Nous voyons ici pointer la centralité du doute et de la critique face à un événement aussi conséquent, face à ce qu’il charrie avec lui de production d’énoncés faux (théorie des complots, fake news) et d’entreprises qui entendent puiser en lui les éléments qui viennent confirmer les propres positions ou systèmes de pensée de leurs auteurs – deux manières d’instrumentaliser l’événement. Il y a ici une importance à suspendre son jugement, ce qui implique également de venir pour ainsi dire à se forcer à être en désaccord avec soi-même et avec son propre savoir.

Le doute est exigeant et risque, à force d’un mauvais usage, de nous mener à douter de tout, à perdre un esprit critique véritable et à oublier son rôle, qui est de « contribuer à la fiabilité du savoir » (Stengers, 2020). Surtout, c’est parce qu’un tel doute et une telle critique sont essentiels et qu’ils risquent toujours de tomber dans une contestation pour elle-même, appuyée notamment sur le ressentiment, qu’il est essentiel d’être à la hauteur de cet exercice et de pouvoir démontrer la justesse de la critique entreprise envers un savoir, en assumant une charge de la preuve en quelque sorte du côté de la critique et en gardant en tête cette solidarité entre connaissance, doute et esprit critique.
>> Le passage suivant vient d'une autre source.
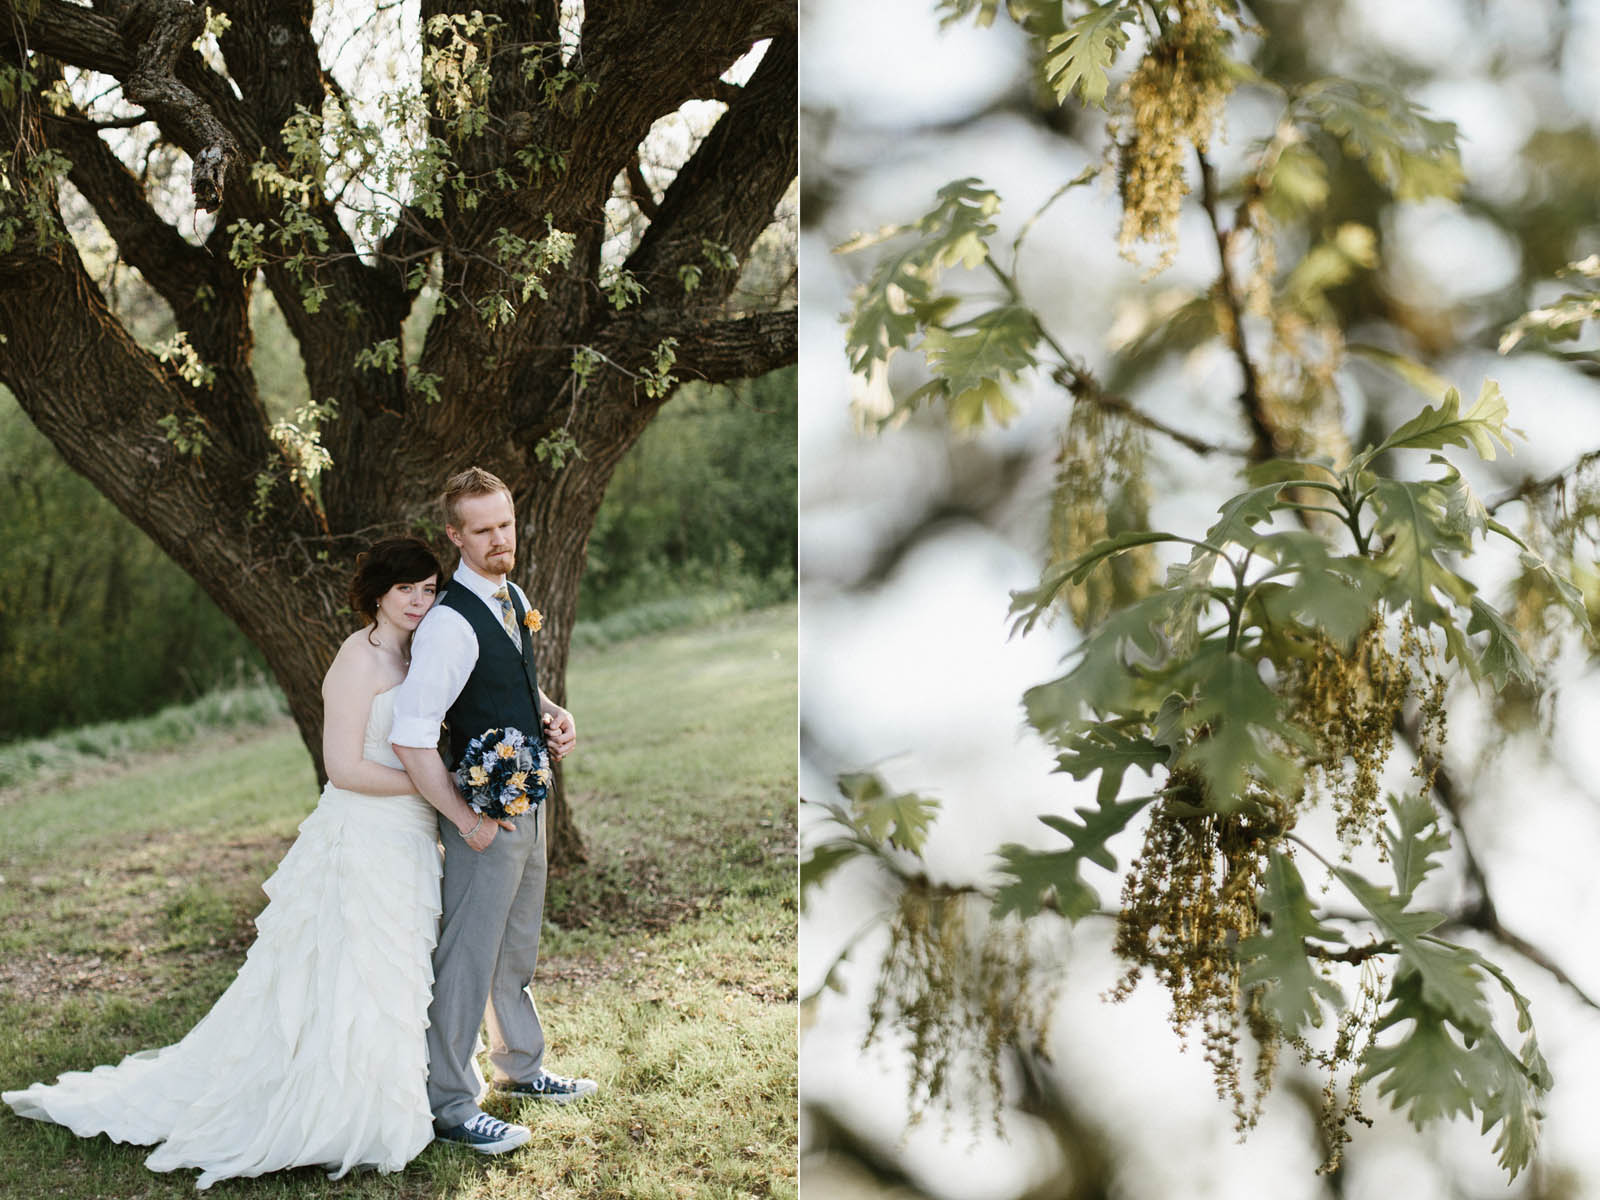 DesMoines_Wedding_Photographer_Spencer&Amanda_106.jpg

Un autre aspect lié à cette question de l’acquisition du savoir et de l’exercice critique est celui de l’attention que nous portons à la manière dont nous décrivons le monde dont nous faisons partie. Comme le relève Stengers (2009), « la manière dont on décrit est déjà une manière dont on s’engage ». Cette attention aux mots, mais aussi aux concepts, est essentielle car elle nous rend sensibles au fait que nous nous engageons et interagissons dans le monde à partir de ceux-ci, ou, pour parler comme Descola, que nous forgeons et changeons le monde à partir d’eux. Il s’agit de gagner en lucidité par la conscience de ce rapport entre nos mots et le monde, de la valeur de cette relation et de sa fragilité ; et donc de l’importance qui s’ensuit de se pencher sur les mots qui sont les nôtres – leur précision, leur définition, leur extension, etc. – afin de saisir le plus adroitement possible le monde et y agir le mieux possible.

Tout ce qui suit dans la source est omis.